Objective: Leptin and adiponectin are two adipocytokines that play a critical role in the control of energy balance and metabolism as well as in conditions, such as insulin resistance, inflammation, and the development of the metabolic syndrome in adult life. Leptin has been associated with asymmetric intrauterine growth restriction (IUGR). The aim of this study was to investigate the perinatal implication of leptin and adiponectin in IUGR.

Design: Leptin and adiponectin were measured in the plasma of 40 mothers, in the umbilical cord (UC) blood of their 20 appropriate for gestational age (AGA) and 20 IUGR singleton, full-term fetuses, and neonates on day 1 (d1) and day 4 (d4) of life postnatally.

Methods: Serum leptin and adiponectin levels were measured by RIA. Serum cortisol levels were measured with an electrochemiluminescence immunoassay.

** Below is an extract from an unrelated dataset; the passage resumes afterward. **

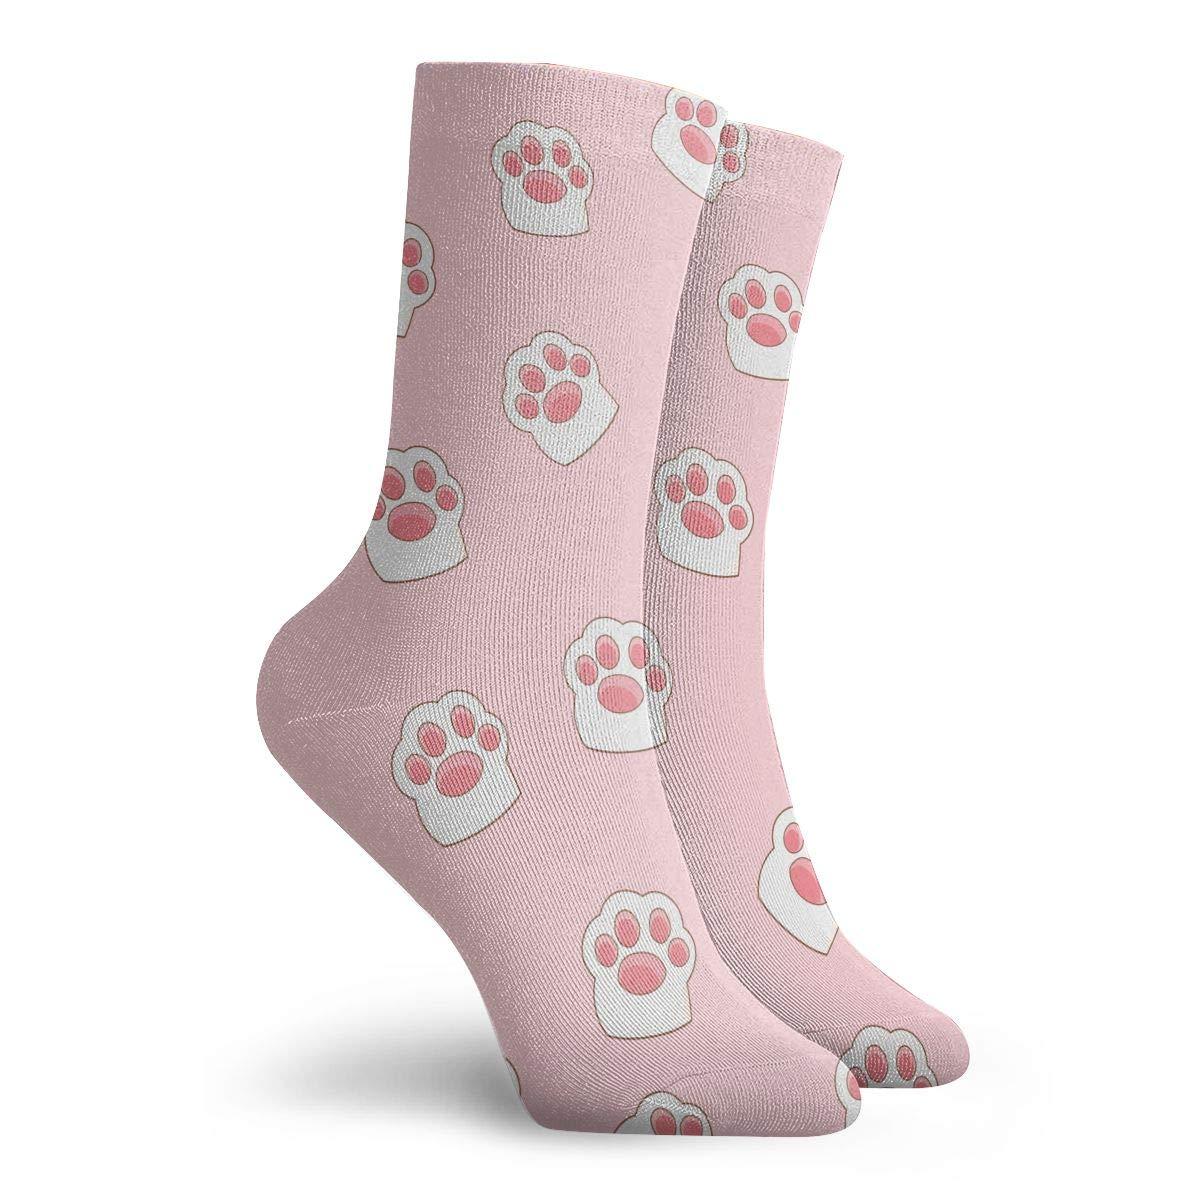 Cat Frootprint Unisex Funny Casual Crew Socks Athletic Socks For Boys Girls Kids Teenagers

Results: Leptin and adiponectin serum levels were higher and lower respectively in IUGR (mean±S.E.M., 32.5±3.8 and 5.4±0.9 µg/l respectively) compared with AGA (20.4±2.1 and 11.8±1.3 µg/l respectively) mothers (P<0.05), although body mass index did not differ between these two groups. Leptin levels positively correlated with adiponectin levels in the AGA (r=0.547, P<0.05) but not in the IUGR mothers. UC, d1, and d4 leptin and adiponectin levels did not differ between IUGR and AGA groups. UC were significantly higher than d1 leptin levels (P<0.05) in the IUGR group but not in the AGA group.

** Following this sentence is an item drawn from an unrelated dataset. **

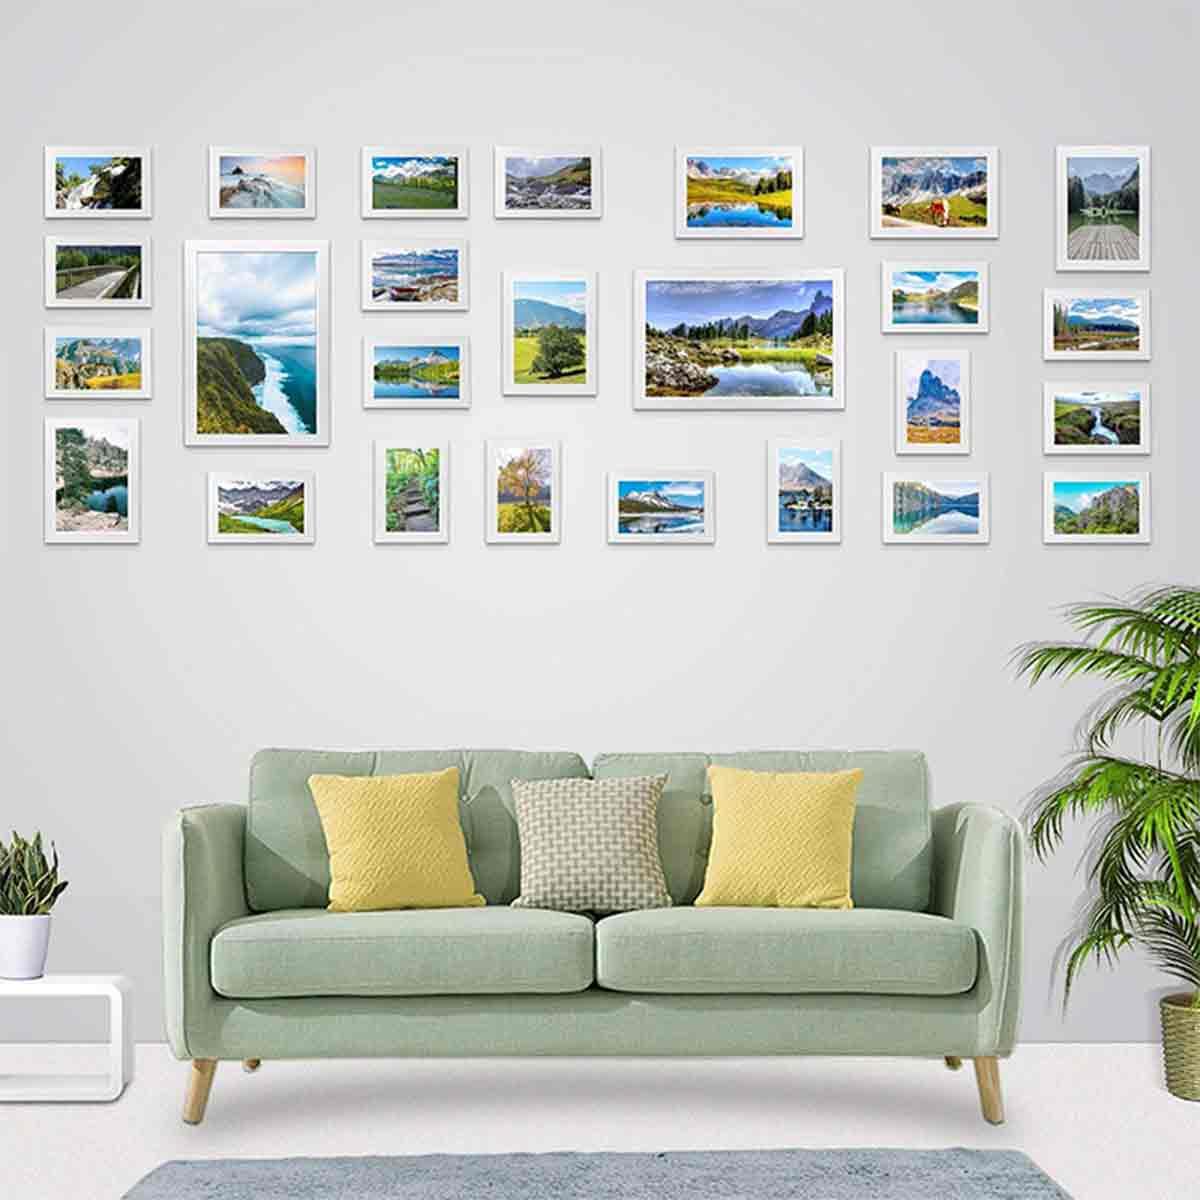 marcos multiples para 26 fotos

Conclusions: The increased UC leptin levels compared with d1 in IUGR fetuses might be directly and/or indirectly related to the subsequent development of insulin resistance in these neonates. This pathologic situation seems to be related to a specific profile of increased leptin and decreased adiponectin levels in IUGR mothers indicating a genetic predisposition for the development of insulin resistance.